▶ **RECORDED DATA**:
---+---
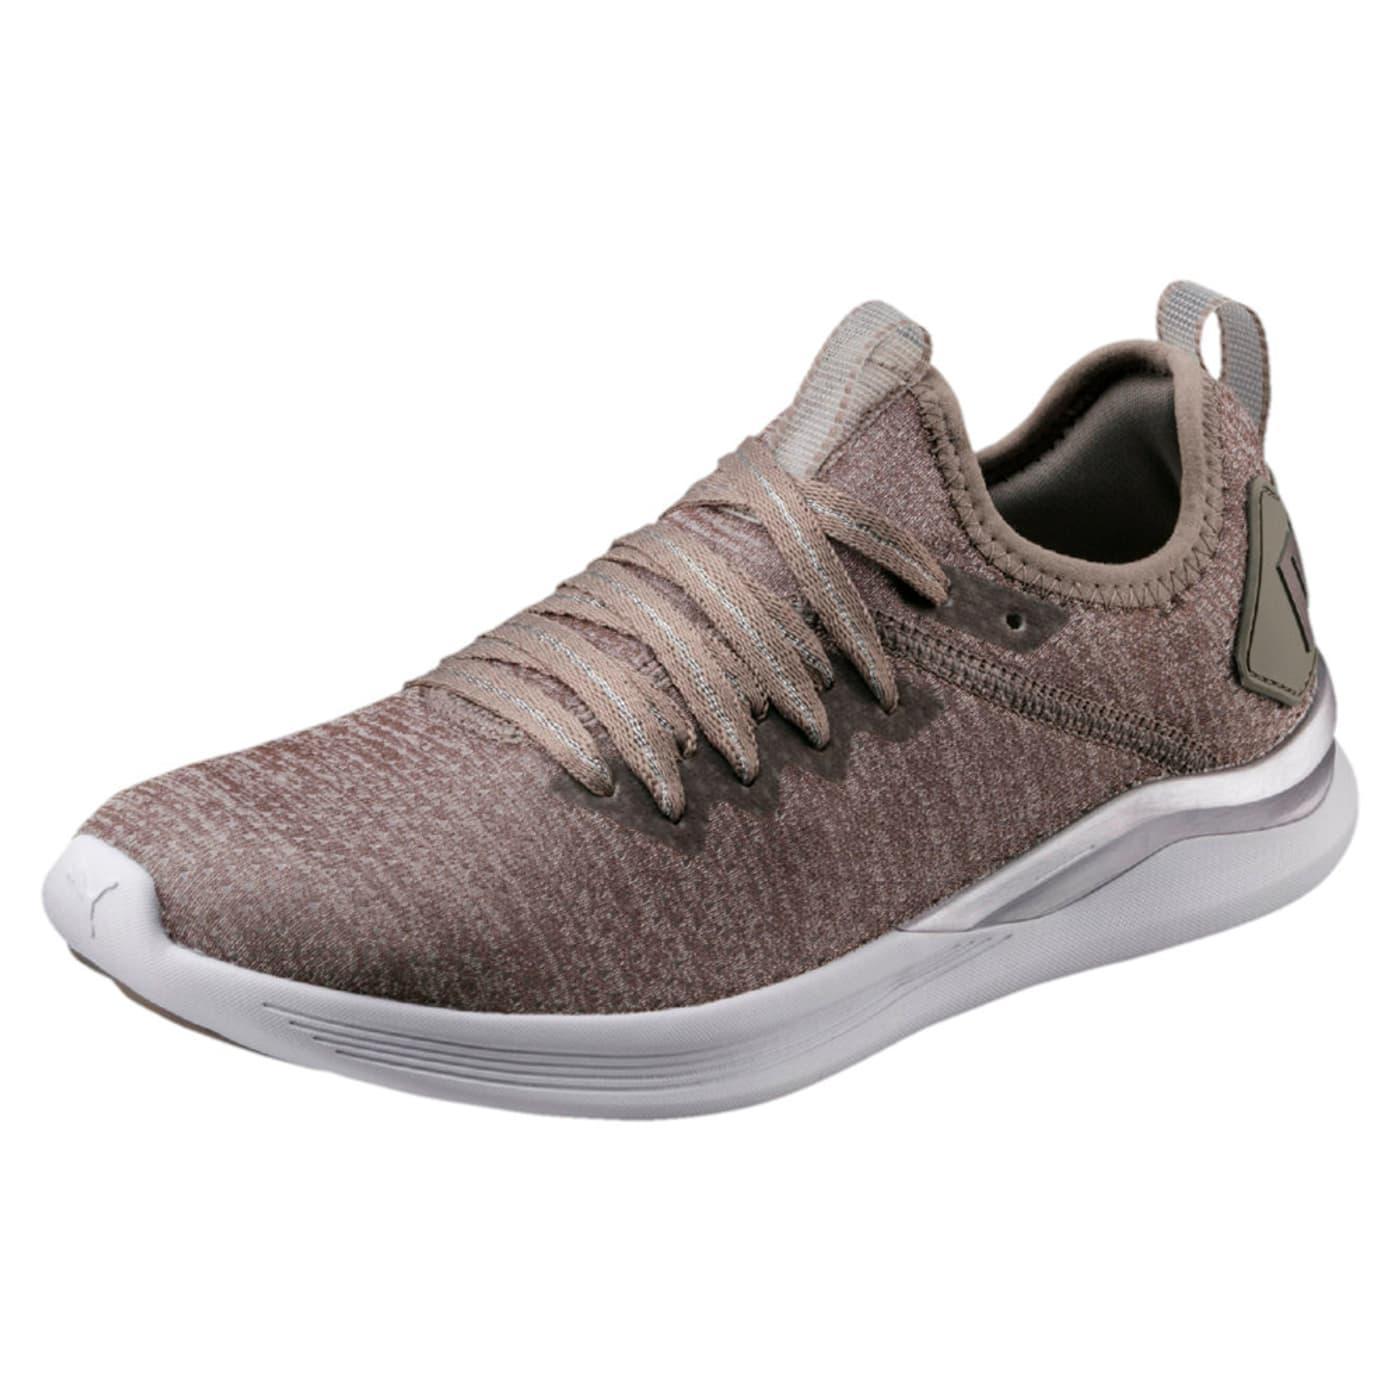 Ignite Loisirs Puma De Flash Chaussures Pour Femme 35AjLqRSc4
---+---
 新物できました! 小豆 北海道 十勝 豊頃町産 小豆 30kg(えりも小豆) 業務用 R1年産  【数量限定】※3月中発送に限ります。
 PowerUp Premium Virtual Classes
---+---
▶ **WHAT IS BEING ASKED**:
Reproduce, character for character, only the lines of the preceding data that start at the line with "新物できました! 小豆 北海道" and end at the line with "PowerUp Premium Virtual Classes", both included.

▶ **RESULT OF THE EXERCISE**:
 新物できました! 小豆 北海道 十勝 豊頃町産 小豆 30kg(えりも小豆) 業務用 R1年産  【数量限定】※3月中発送に限ります。
 PowerUp Premium Virtual Classes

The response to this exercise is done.